Storm arises is an abnormal rise of water generated by a storm, over and above the predicted astronomical tides. Storm arise should not be confused with storm tide, which is defined as the water level rise due to the combination of storm surge and the astronomical tide. This rise in water level can cause extreme flooding in coastal areas particularly when storm surge coincides with normal high tide, resulting in storm tides reaching up to 20 feet or more in some cases.

A sea of leva (or deep sea) is the abnormal rise of the sea level generated by the waves of a cyclic storm, without taking into account the astronomical tides. A sea of leva should not be confused with a storm tide (galerna) that is defined as the rise of the sea level due to the combination of a sea of leva with the pleamar of an astronomical tide.
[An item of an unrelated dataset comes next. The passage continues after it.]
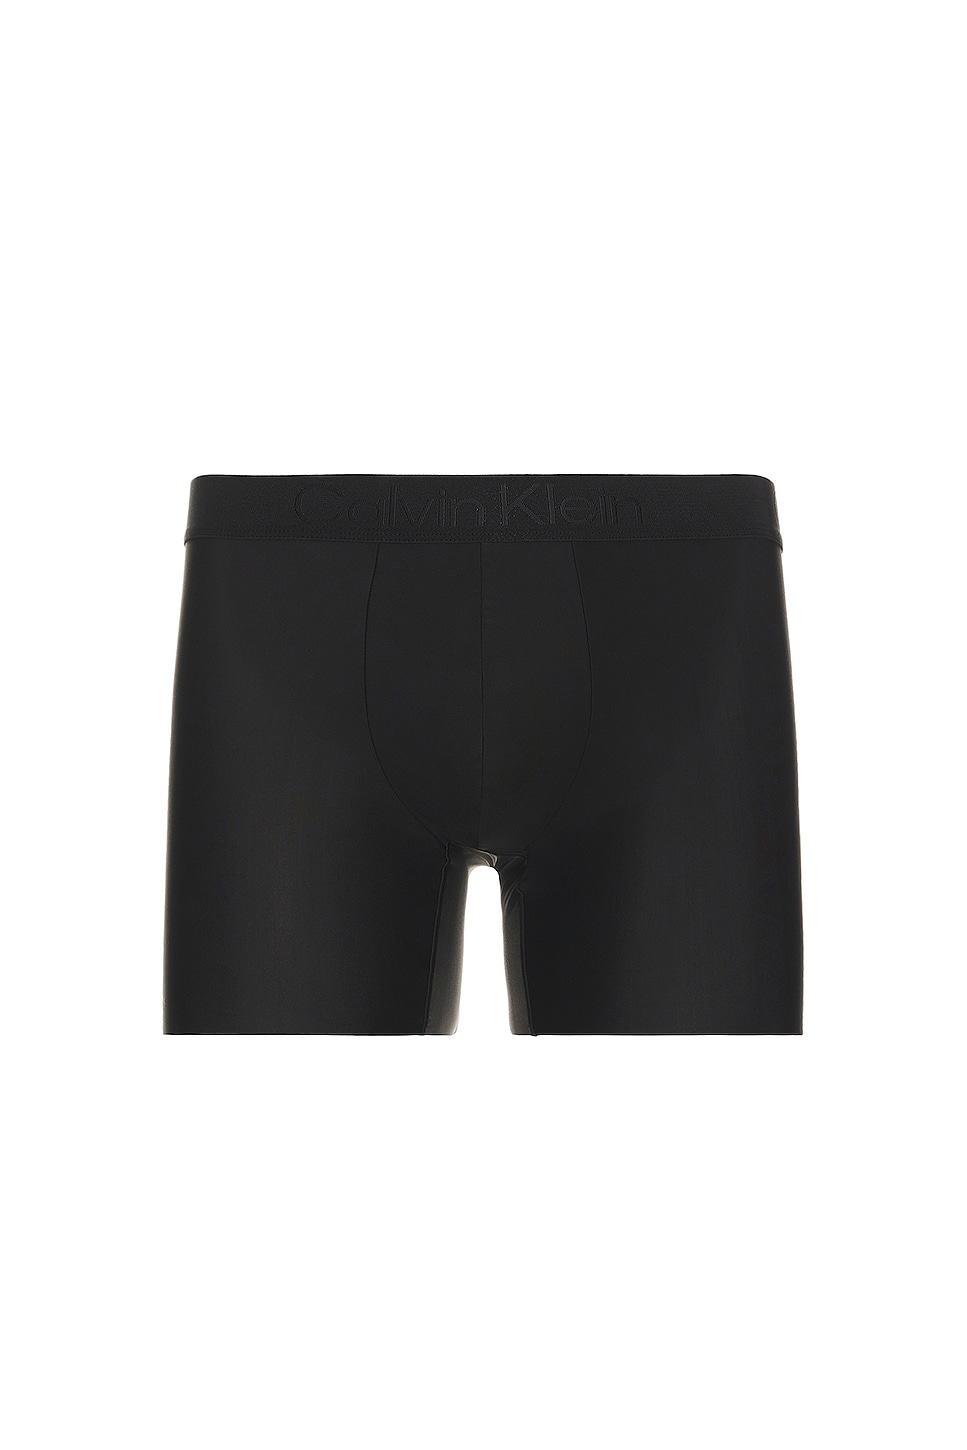 Calvin Klein Underwear Premium CK Brief | Micro Boxer in REVOLVE Black Black

This rise in sea level can cause extreme floods in coastal areas, particularly when the two causes coincide in the same place, at the same time, being able to reach a wave of about 5 meters high or more in some cases

NHC (National Hurricane Center): Storm Surge Overview

(Taken from Storm Surge Overview article [1])

Slowing down the Earth's rotation

Both the deformation of the Earth due to terrestrial tides and the movement of water from aquatic tides are processes that dissipate energy. The work is done by the moment that the Moon and Sun exert on the deformed part of the Earth and the oceans. The dissipation of energy requires that the major axes of the ellipsoids of the hydrosphere and the Earth are not perfectly aligned with the Moon and the Sun, but have a small phase lag. In the model without continents, this delay would correspond to 3° (and 12 minutes in time). That moment slows down the rotation of the Earth and the length of the day increases by 17 microseconds per year (approximately 1 second every 59,000 years).

The Earth exerts the same momentum on the Moon that the Moon exerts on the Earth. The momentum that the Earth exerts on the Moon gives it energy. Since the Moon is in orbit around the Earth, this increase in energy translates into an increase in the distance between the two stars and an increase in the length of the lunar month. The Earth-Moon distance is increasing by about 38 mm per year.

In the same way that the Moon creates tides on the Earth, both water and land, the Earth also exerts tides on the Moon. The friction due to these tides slowed down the rotation of the Moon, causing it to always present the same face towards the Earth. This fact was interpreted as the possible terrestrial origin of our satellite: being the Earth still a semi-fluid or incandescent body, the rotation movement would have produced a bulge that would increase in speed due to the increase in centrifugal force. Over time, the two stars would have separated, keeping the same lunar face visible from Earth (a currently discredited theory). On other satellites of the solar system that are still rotating, the energy dissipated by the deformations due to the tide generates volcanic activity.